Agent Context Retrieval

# app/services/agent/context.py
class AgentContextBuilder:
    """Builds context for agent prompts using RAG."""

    def __init__(self, kb_service: KnowledgeBaseService):
        self.kb = kb_service

    async def build_context(
        self,
        agent_id: str,
        project_id: str,
        task_description: str,
        max_context_tokens: int = 4000,
    ) -> str:
        """
        Build relevant context for an agent task.

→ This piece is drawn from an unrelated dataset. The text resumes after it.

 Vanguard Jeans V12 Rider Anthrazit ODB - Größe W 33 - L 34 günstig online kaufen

        Returns formatted context string for inclusion in prompt.
        """
        # Search for relevant knowledge
        results = await self.kb.search(
            project_id=project_id,
            query=task_description,
            agent_id=agent_id,  # Prefer agent-specific knowledge
            limit=10,
            semantic_weight=0.7,
        )

        # Format context
        context_parts = []
        current_tokens = 0

        for result in results:
            chunk_tokens = self._count_tokens(result.content)
            if current_tokens + chunk_tokens > max_context_tokens:
                break

            context_parts.append(f"""
### Source: {result.source_uri or 'Unknown'}
{result.content}
""")
            current_tokens += chunk_tokens

        if not context_parts:
            return ""

        return f"""
## Relevant Context

The following information was retrieved from the project knowledge base:

{"".join(context_parts)}

---
"""

    def _count_tokens(self, text: str) -> int:
        """Approximate token count."""
        return len(text) // 4  # Rough estimate

MCP Tool for Knowledge Access

# app/mcp/tools/knowledge.py
from mcp import Tool, ToolResult

class KnowledgeSearchTool(Tool):
    """MCP tool for agents to search project knowledge."""

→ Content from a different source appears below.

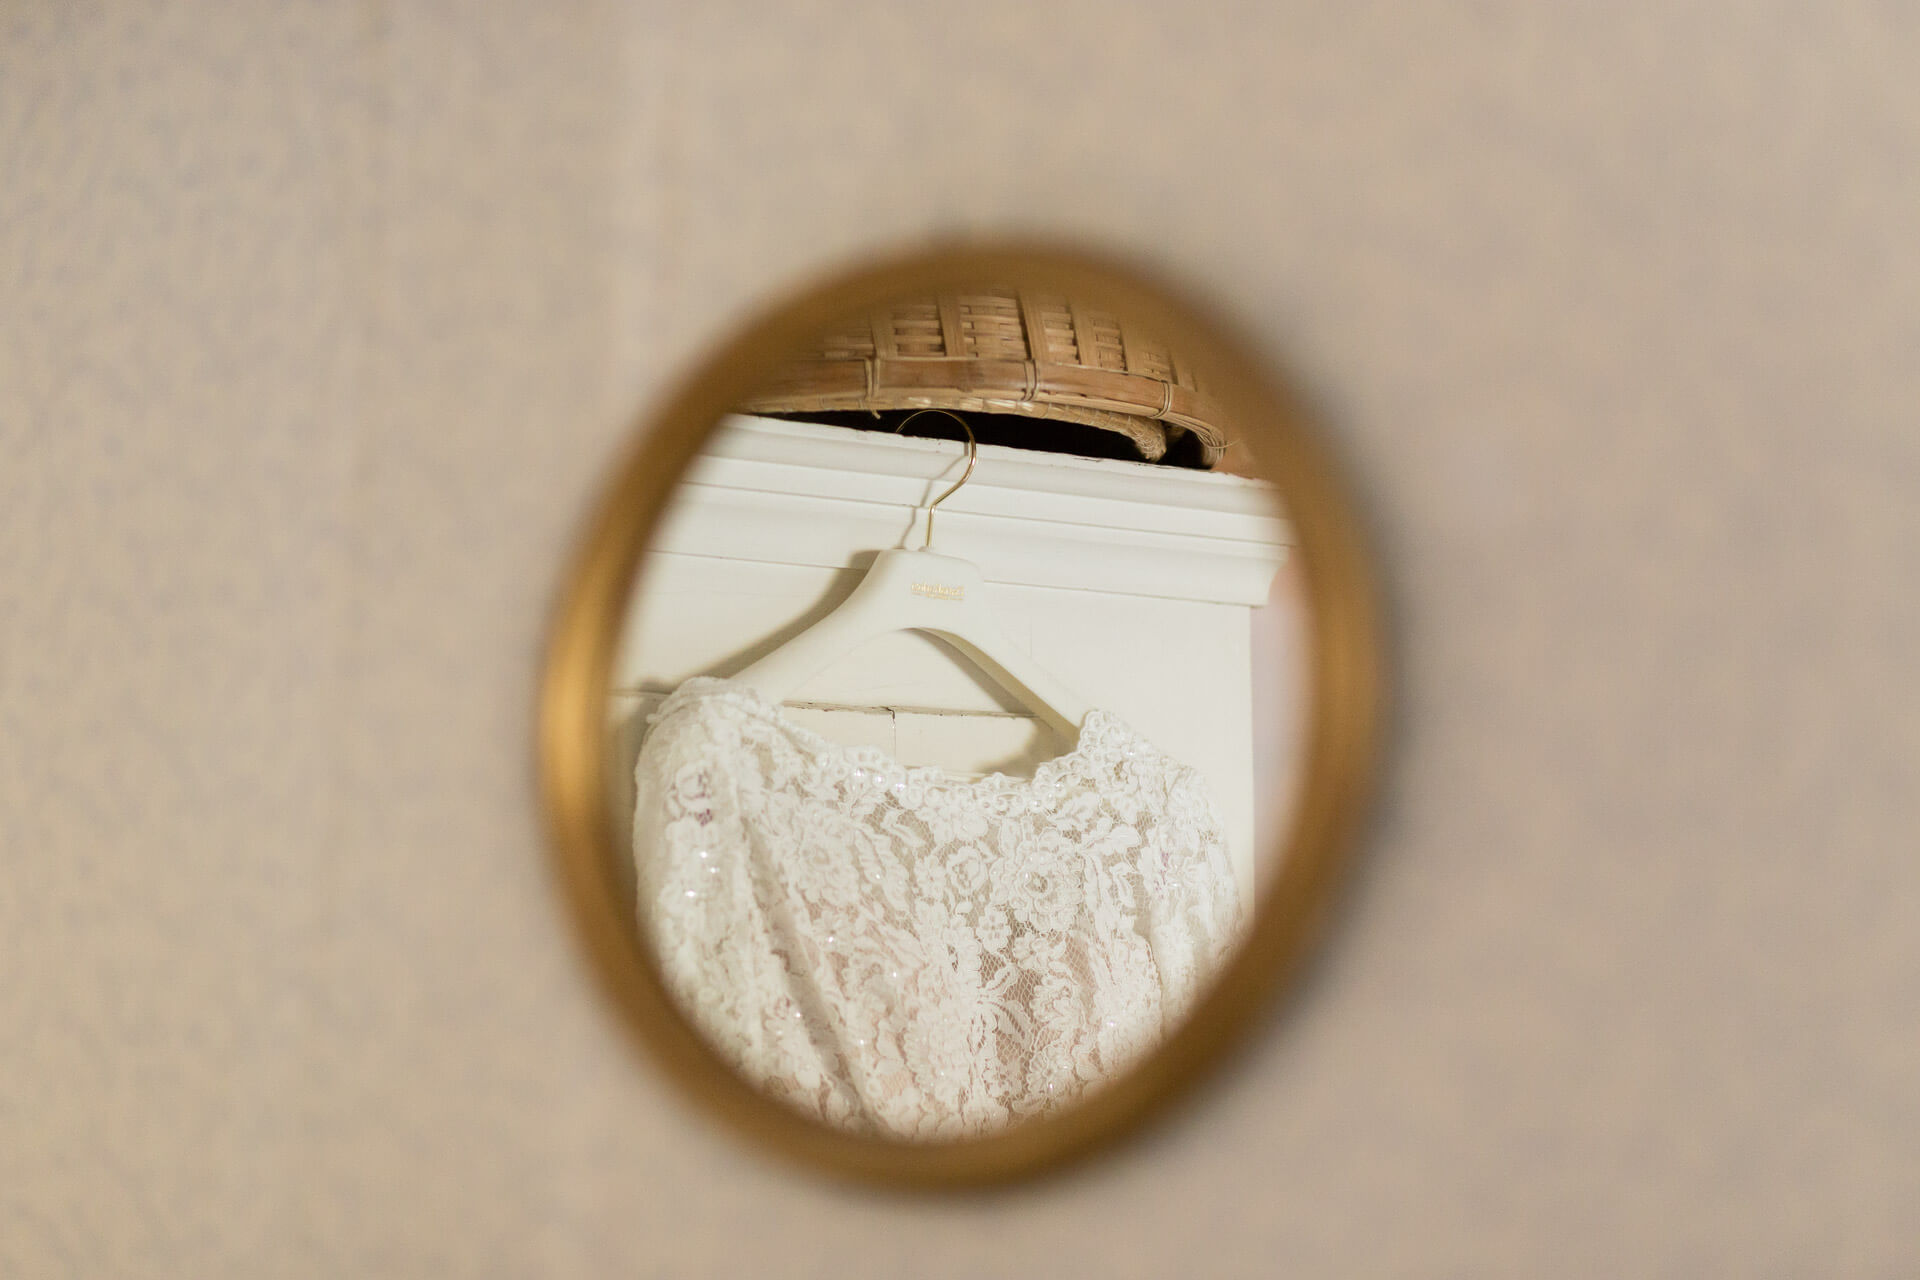 Brautkleidausschnitt ist im Spiegel zu sehen

    name = "search_knowledge"
    description = "Search the project knowledge base for relevant information"

    parameters = {
        "type": "object",
        "properties": {
            "project_id": {
                "type": "string",
                "description": "The project ID to search within"
            },
            "query": {
                "type": "string",
                "description": "Natural language search query"
            },
            "content_types": {
                "type": "array",
                "items": {"type": "string"},
                "description": "Filter by content types (code, markdown, pdf)"
            },
            "limit": {
                "type": "integer",
                "default": 5,
                "description": "Maximum results to return"
            }
        },
        "required": ["project_id", "query"]
    }

    async def execute(self, **params) -> ToolResult:
        results = await self.kb_service.search(
            project_id=params["project_id"],
            query=params["query"],
            content_types=params.get("content_types"),
            limit=params.get("limit", 5),
        )

        return ToolResult(
            content=[
                {
                    "source": r.source_uri,
                    "content": r.content[:500] + "..." if len(r.content) > 500 else r.content,
                    "relevance_score": r.score,
                }
                for r in results
            ]
        )

References

Vector Databases

Embedding Models

Chunking & RAG

Multi-Tenant RAG

pgvector


Decision

Adopt pgvector with hybrid search as the knowledge base solution for Syndarix RAG:

  1. pgvector for vector storage and similarity search
  2. PostgreSQL full-text search (tsvector) for keyword matching
  3. Reciprocal Rank Fusion (RRF) for combining results
  4. LiteLLM for unified embedding API
  5. Content-type-aware chunking with AST parsing for code
  6. Shared table with tenant isolation via project_id/agent_id

Migration Path: If any project exceeds 10M vectors or requires sub-10ms latency, evaluate Qdrant as a dedicated vector store while keeping metadata in PostgreSQL.


Spike completed. Findings will inform ADR-006: Knowledge Base Architecture.